TASK REQUIREMENTS: Your answer must be the data repeated exactly, with no pictures in it.

PROVIDED DATA:
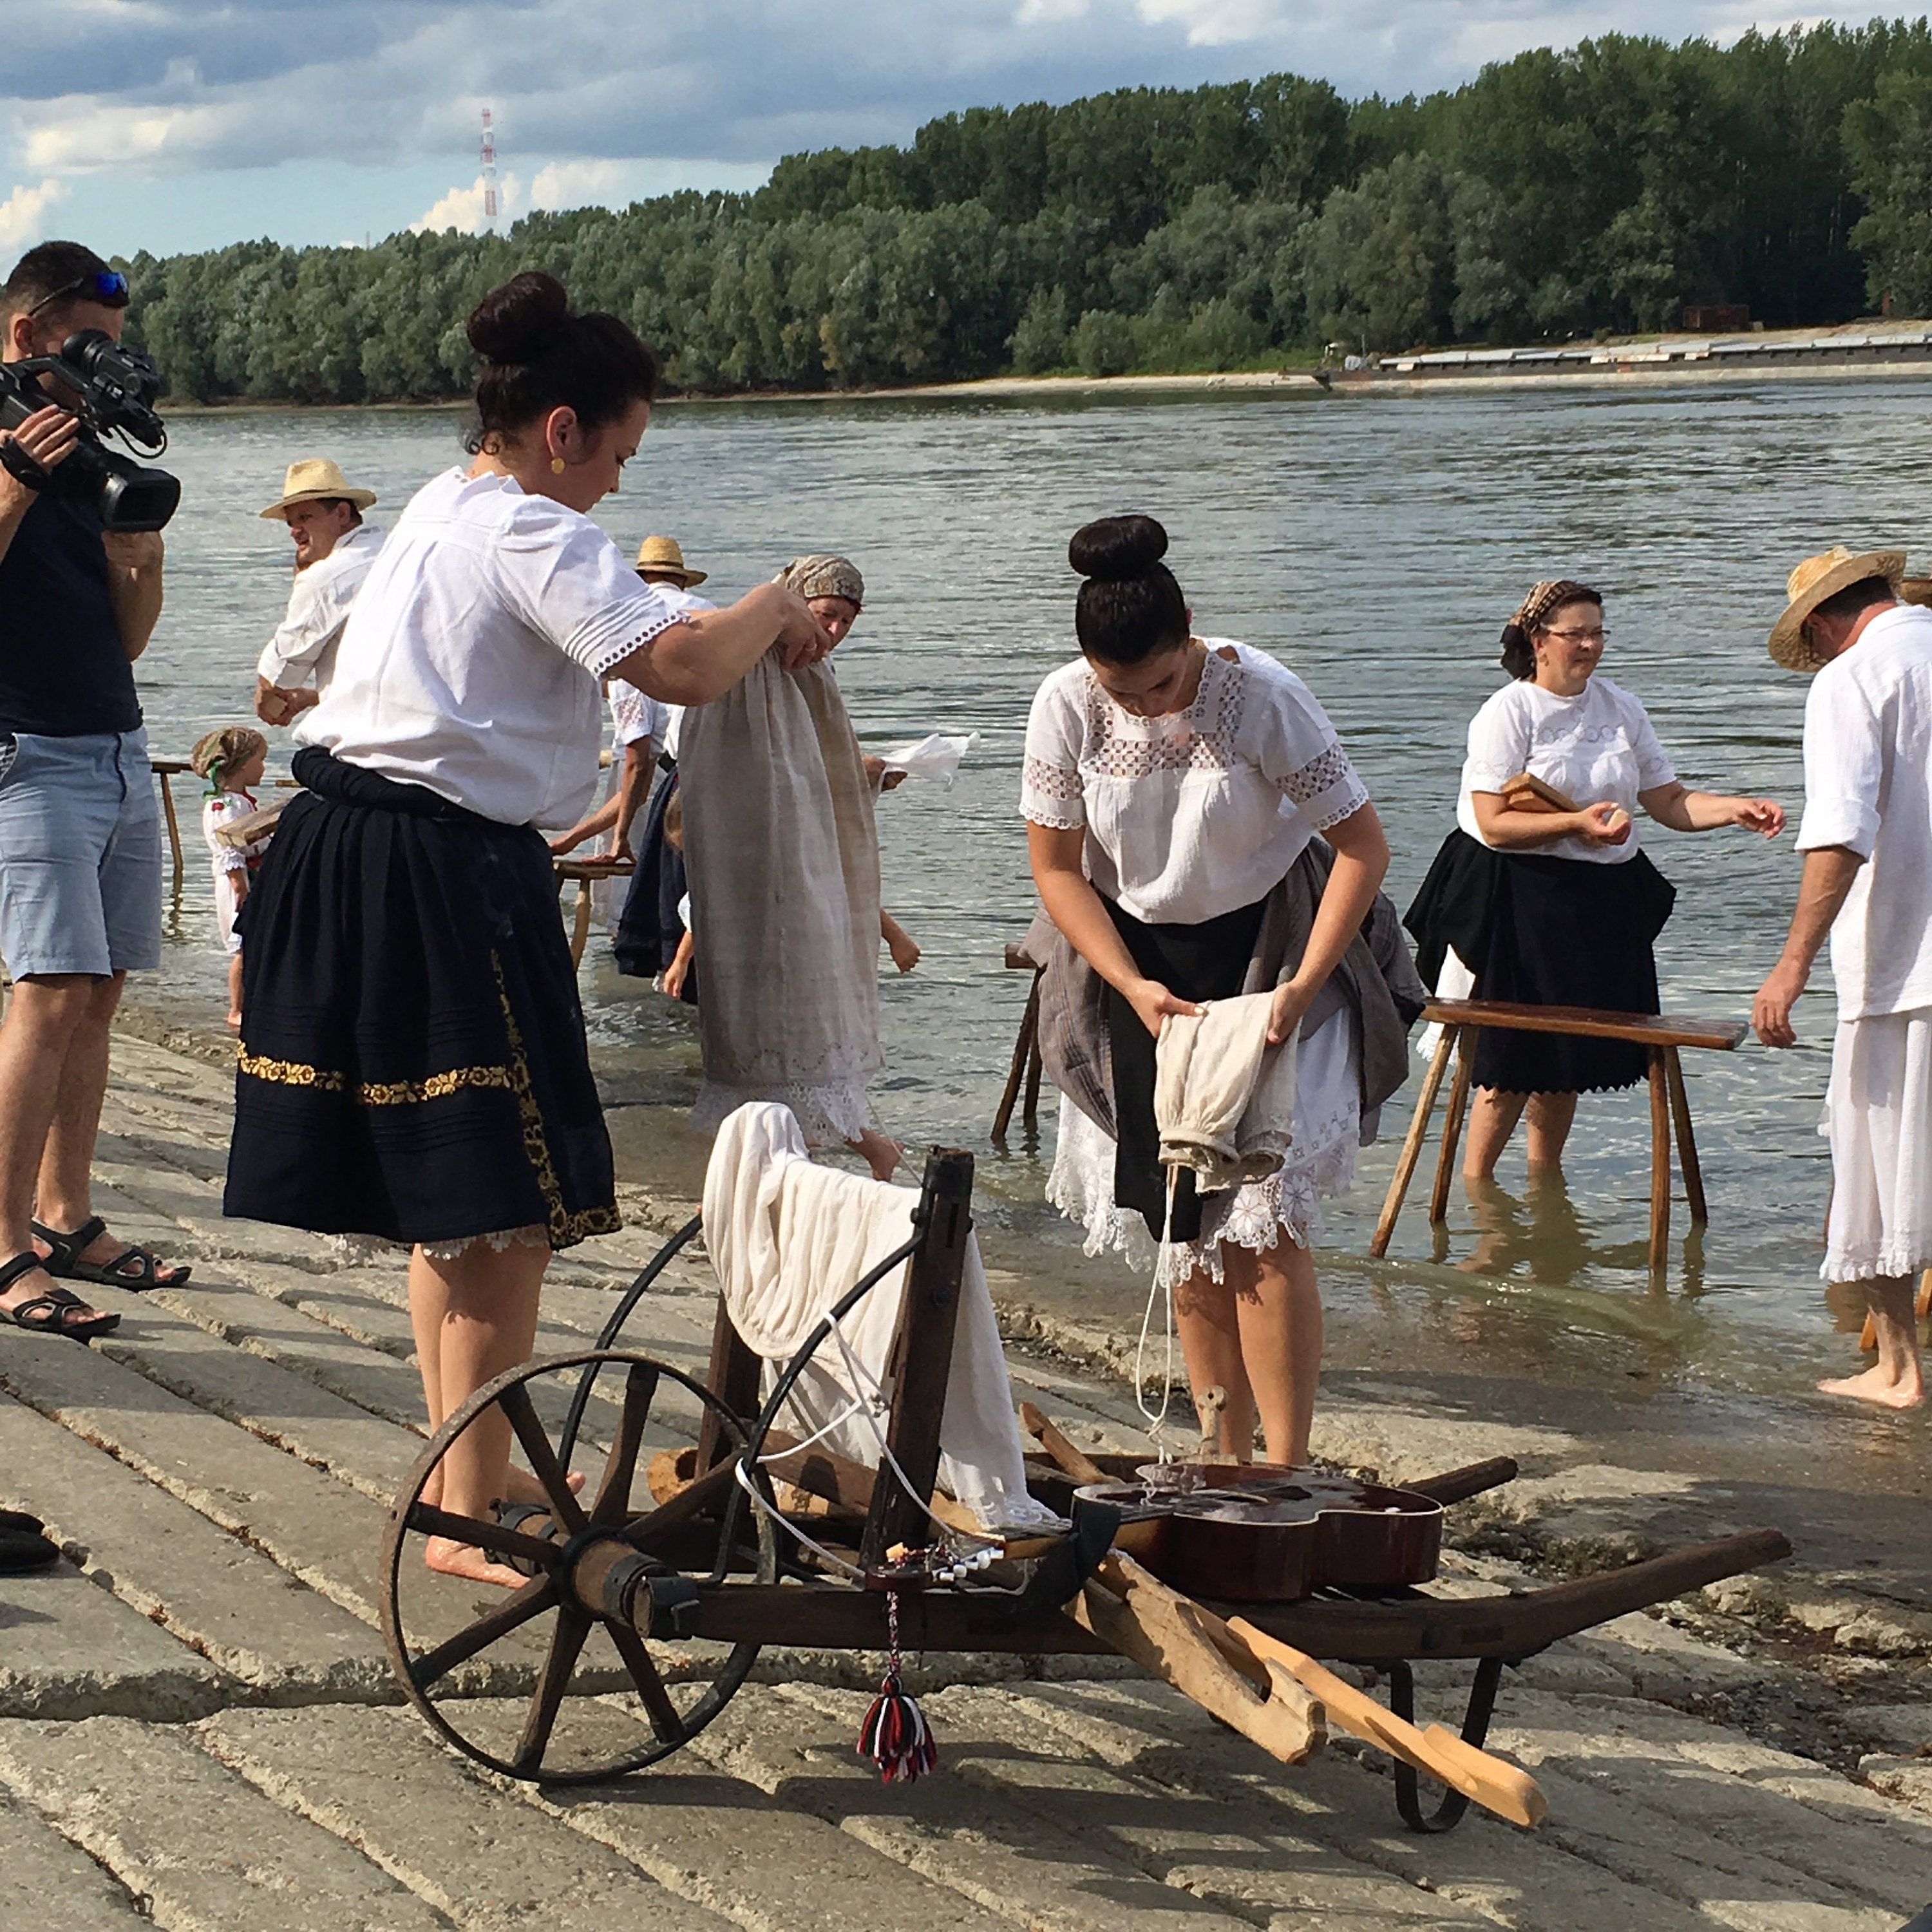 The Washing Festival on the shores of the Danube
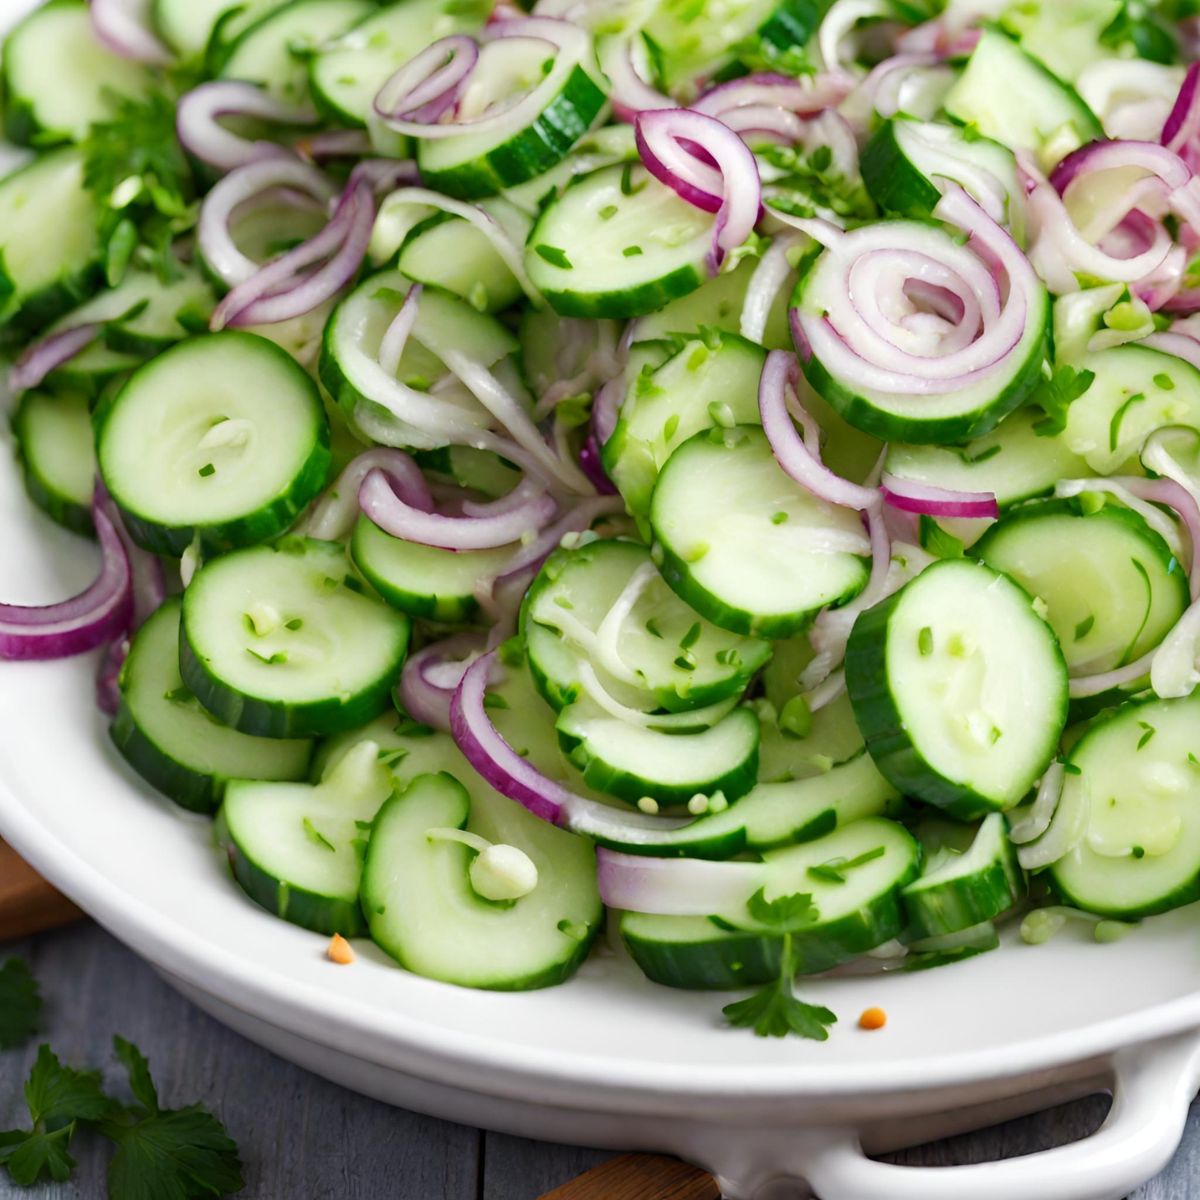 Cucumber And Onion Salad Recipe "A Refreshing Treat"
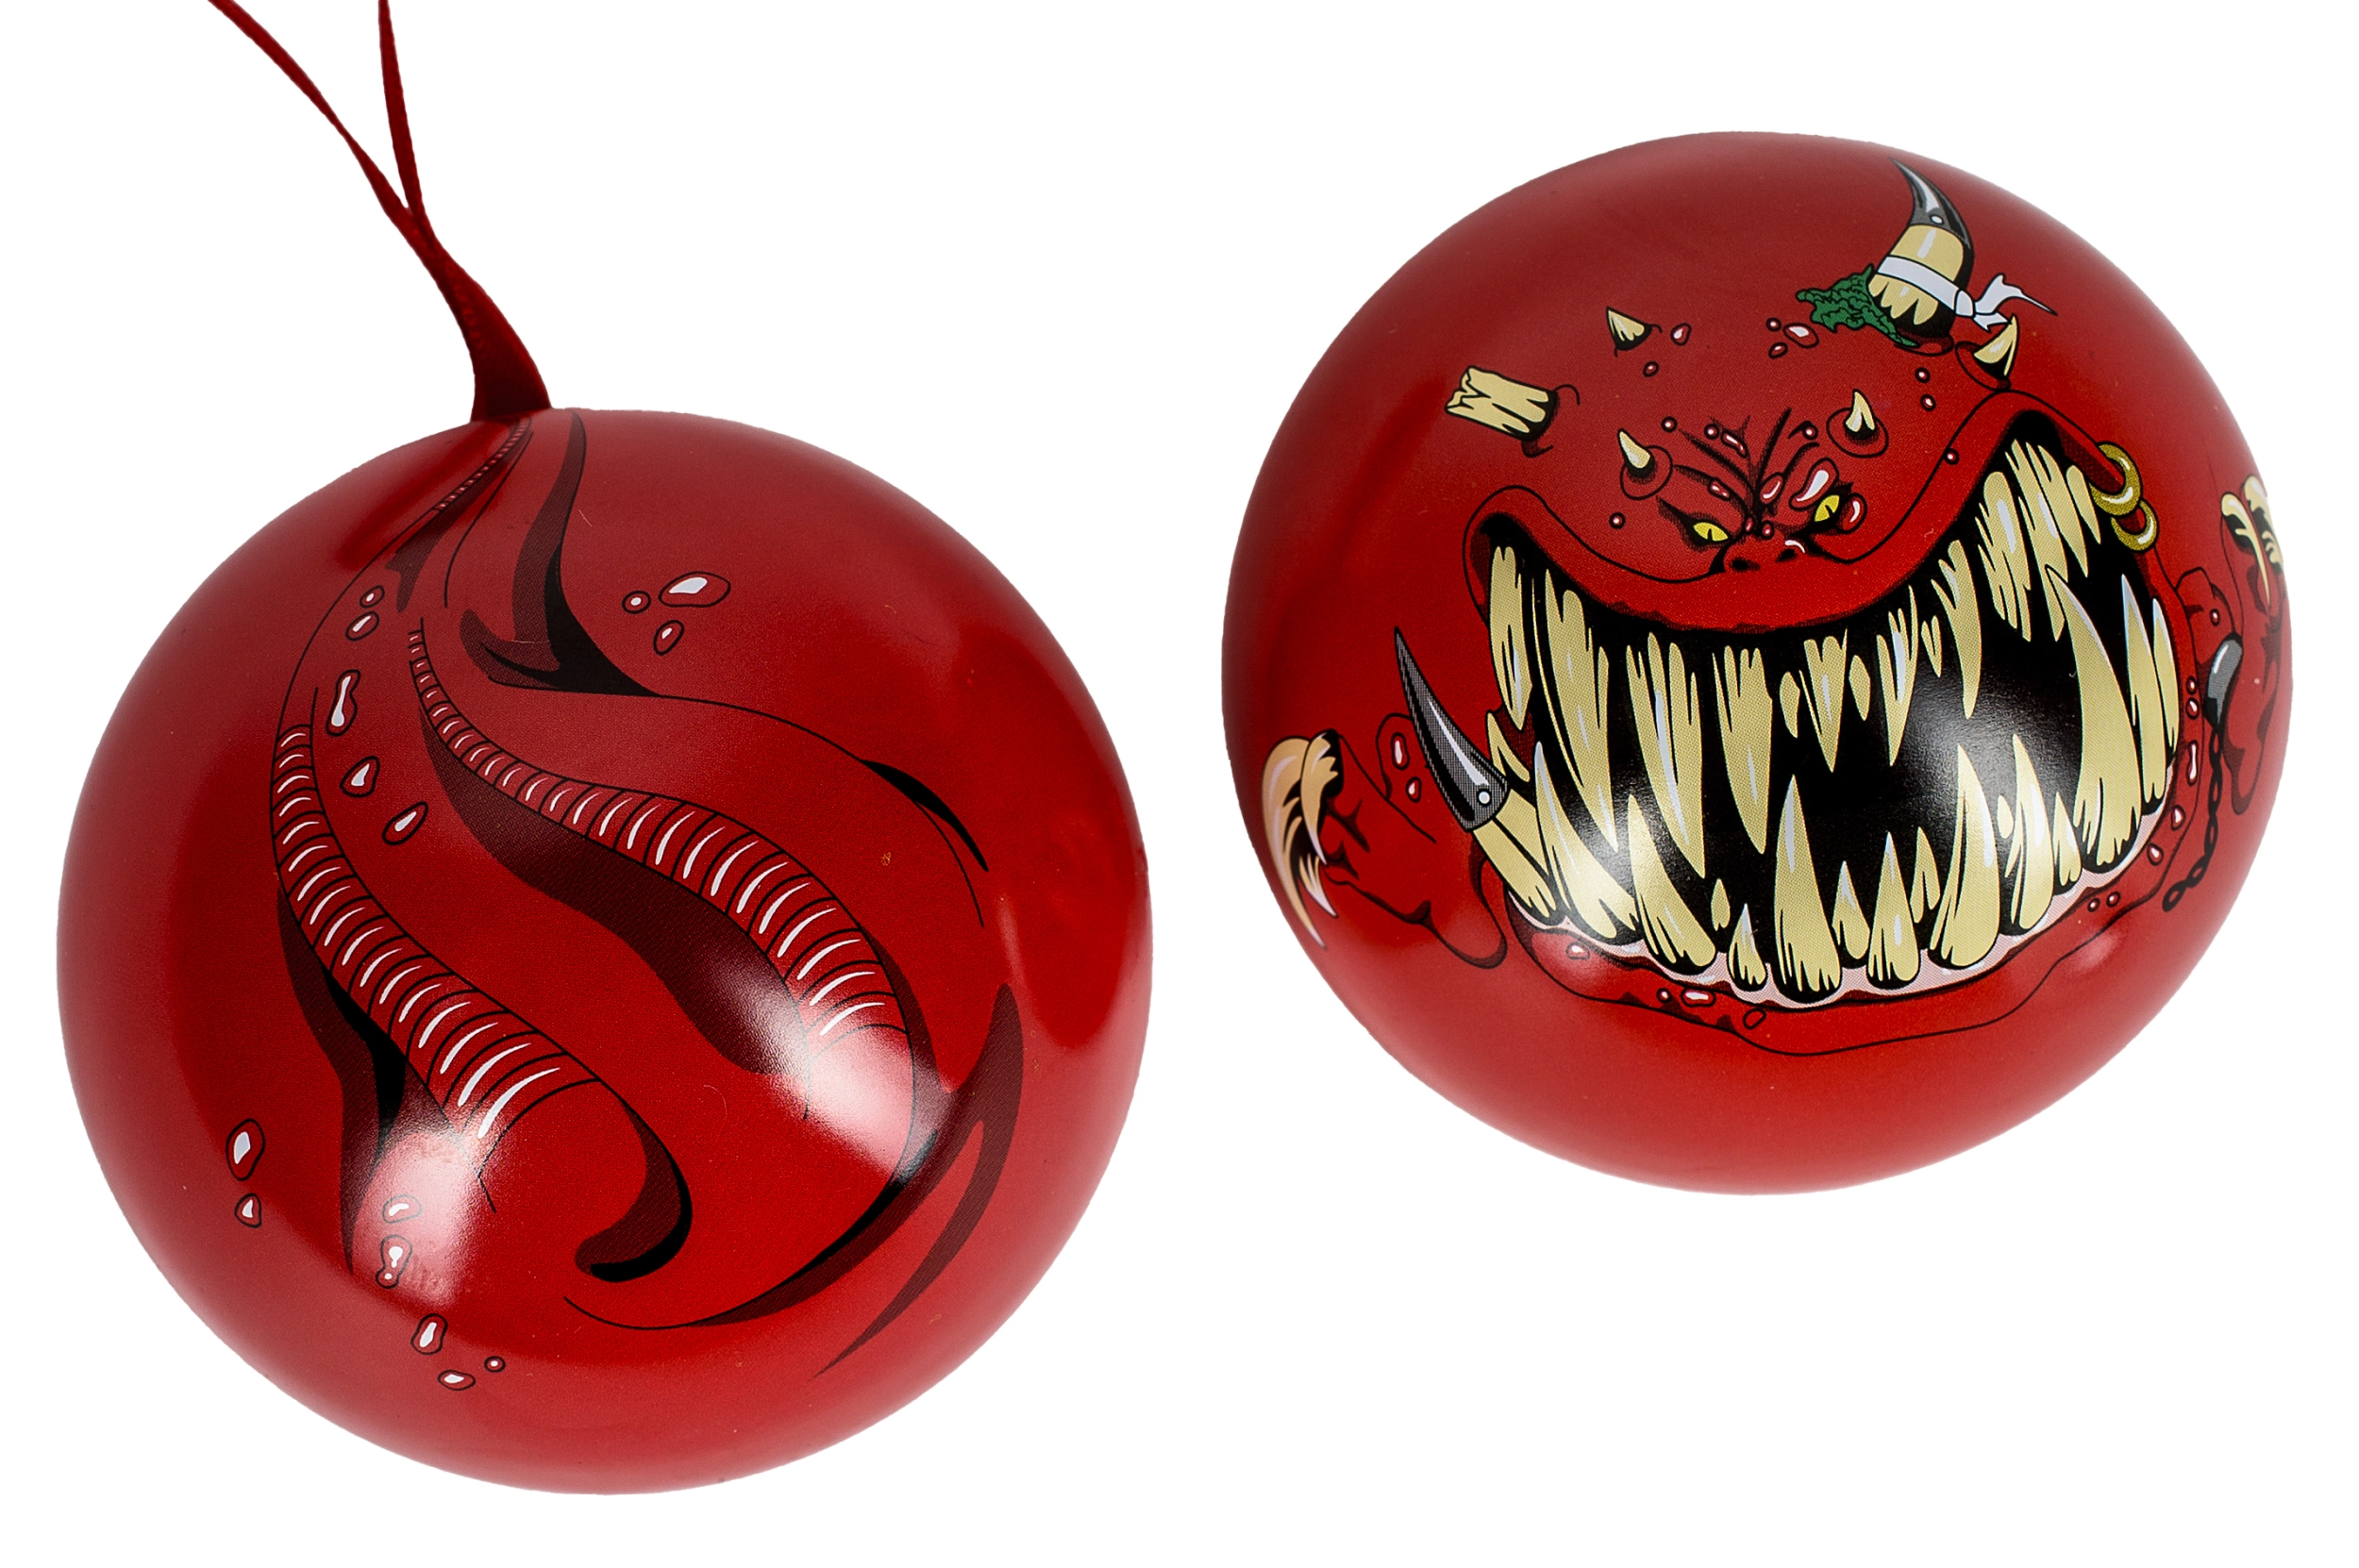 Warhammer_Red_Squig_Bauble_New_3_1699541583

TASK RESPONSE:
 The Washing Festival on the shores of the Danube
 Cucumber And Onion Salad Recipe "A Refreshing Treat"
 Warhammer_Red_Squig_Bauble_New_3_1699541583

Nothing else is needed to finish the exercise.